Convert single-character tokens to k-mer tokens using non-overlapping windows. c must be divisible by k. Backward-compatible API that delegates to kmer_tokenize_tuples.

Parameter Type Description
alignment &[i32] Flat (n*c) row-major tokens
n usize Number of sequences
c usize Number of columns
a usize Single-character alphabet size
k usize k-mer size (e.g., 3 for codons)
gap_mode &str "any" or "all"

Returns: KmerResult.

kmer_tokenize_tuples(alignment: &[i32], n: usize, c: usize, a: usize, column_tuples: &[Vec<i64>], gap_mode: &str) -> KmerResult

Core tokenizer accepting arbitrary column tuples. Entries of -1 in tuples are treated as unobserved positions.

Parameter Type Description
alignment &[i32] Flat (n*c) row-major tokens
n usize Number of sequences
c usize Number of columns
a usize Single-character alphabet size
column_tuples &[Vec<i64>] Column index tuples
gap_mode &str "any" or "all"

Returns: KmerResult.
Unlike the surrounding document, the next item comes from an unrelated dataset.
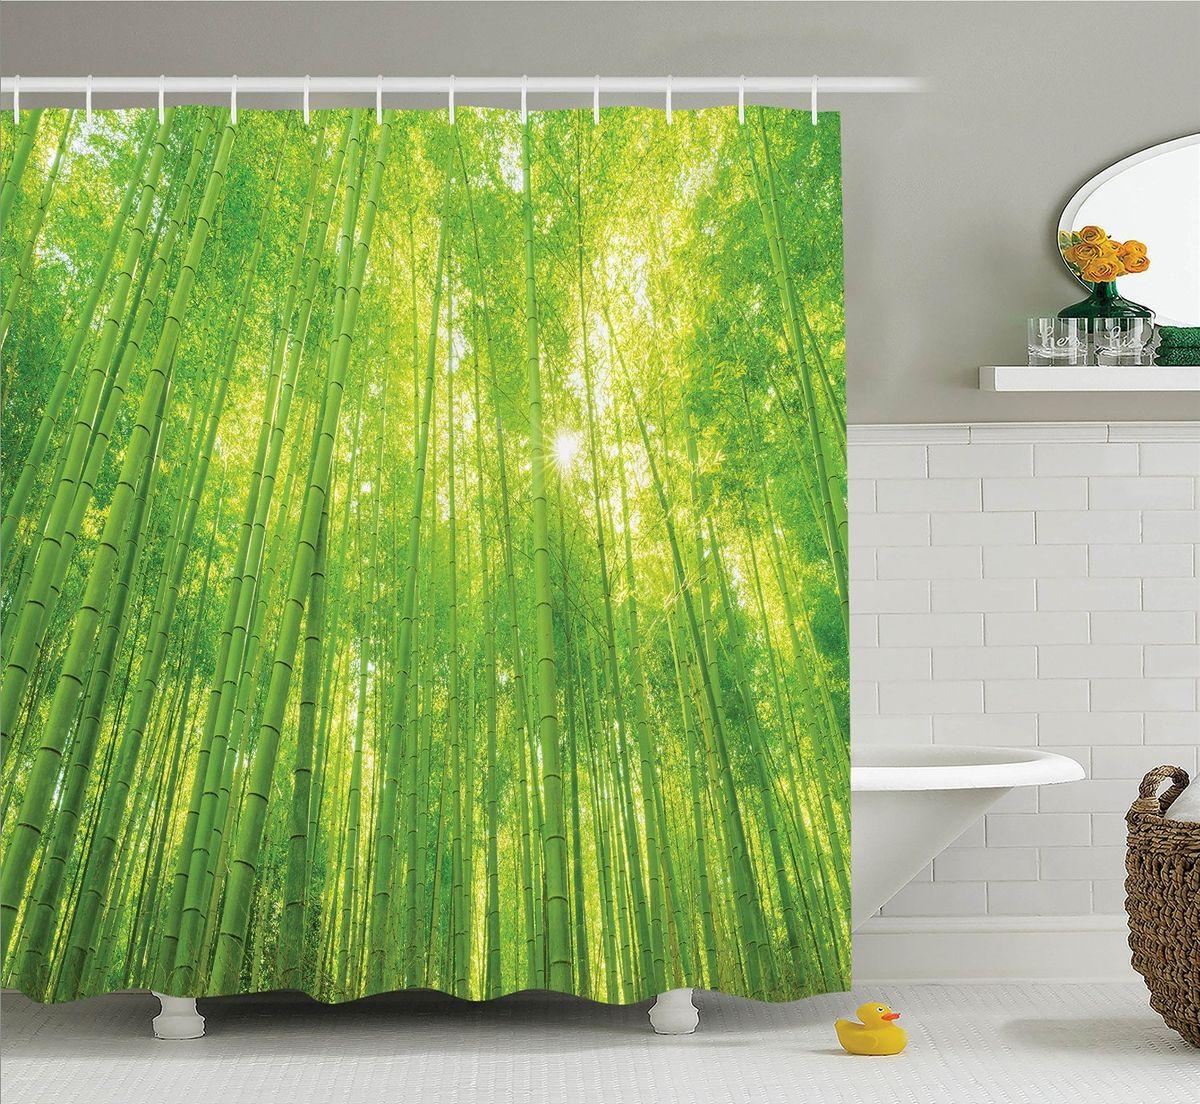 Штора для ванной комнаты Magic Lady Бамбуковый лес, 180 х 200 смшв_10227Штора Magic Lady Бамбуковый лес, изготовленная из высококачественного сатена (полиэстер 100%), отлично дополнит любой интерьер ванной комнаты. При изготовлении используются специальные гипоаллергенные чернила для прямой печати по ткани, безопасные для человека.В комплекте: 1 штора, 12 крючков. Обращаем ваше внимание, фактический цвет изделия может незначительно отличаться от представленного на фото.

Token encoding: 0..$A^k - 1$ for observed k-mers, $A^k$ for ungapped-unobserved, $A^k + 1$ for gap.


Internal modules

Module Functions
tree children_of, validate_binary_tree
model Model constructors, DiagModel, eig_symmetric, diagonalize_rate_matrix, gy94_model
token token_to_likelihood
sub_matrices compute_sub_matrices
pruning upward_pass
outside downward_pass
eigensub compute_j, eigenbasis_project, accumulate_c, back_transform
f81_fast f81_counts
mixture mixture_posterior
branch_mask compute_branch_mask
formats parse_newick, parse_fasta, parse_strings, combine_tree_alignment, detect_alphabet, genetic_code, codon_to_sense, kmer_tokenize, kmer_tokenize_tuples, sliding_windows, all_column_ktuples, KmerIndex

WASM bindings

When compiled with --features wasm, the crate exports flat-array wasm-bindgen functions:

wasm_log_like(alignment, parent_index, distances, eigenvalues, eigenvectors, pi) -> Vec<f64>

wasm_counts(alignment, parent_index, distances, eigenvalues, eigenvectors, pi, f81_fast) -> Vec<f64>

wasm_root_prob(alignment, parent_index, distances, eigenvalues, eigenvectors, pi) -> Vec<f64>

wasm_branch_mask(alignment, parent_index, a) -> Vec<u8>

All parameters are flat typed arrays. Model parameters are passed individually rather than as a struct.

Format parser bindings

wasm_parse_newick(newick_str) -> JsValue

Parse a Newick string. Returns object with parentIndex (Int32Array), distanceToParent (Float64Array), leafNames, nodeNames, R.

wasm_parse_fasta(text) -> JsValue

Parse FASTA text. Returns object with alignment (Int32Array, flat N*C), leafNames, alphabet, N, C.

wasm_parse_strings(sequences) -> JsValue

Parse an array of equal-length strings. Returns object with alignment (Int32Array, flat N*C), alphabet, N, C.


Building

Native

cd subby/wasm
cargo build --release
cargo test

WASM

cd subby/wasm
wasm-pack build --target web --features wasm

Produces pkg/phylo_wasm_bg.wasm and pkg/phylo_wasm.js.


JS wrapper: PhyloWASM

subby/webgpu/phylo_wasm.js wraps the WASM module with the same async API as PhyloGPU:

import { PhyloWASM } from './phylo_wasm.js';

const engine = await PhyloWASM.create('./phylo_wasm_bg.wasm');
const logLike = await engine.LogLike(alignment, parentIndex, distances,
                                      eigenvalues, eigenvectors, pi);
engine.destroy();

PhyloWASM.create(wasmUrl)

Fetch and instantiate the WASM module.

PhyloWASM.fromModule(wasmModule)

Wrap a pre-initialized wasm-bindgen module.

The API methods (LogLike, Counts, RootProb, MixturePosterior, computeBranchMask, destroy) are identical to PhyloGPU — see the WebGPU API reference.


Precision

All internal computation uses f64. Test tolerance: atol=1e-8 against golden files.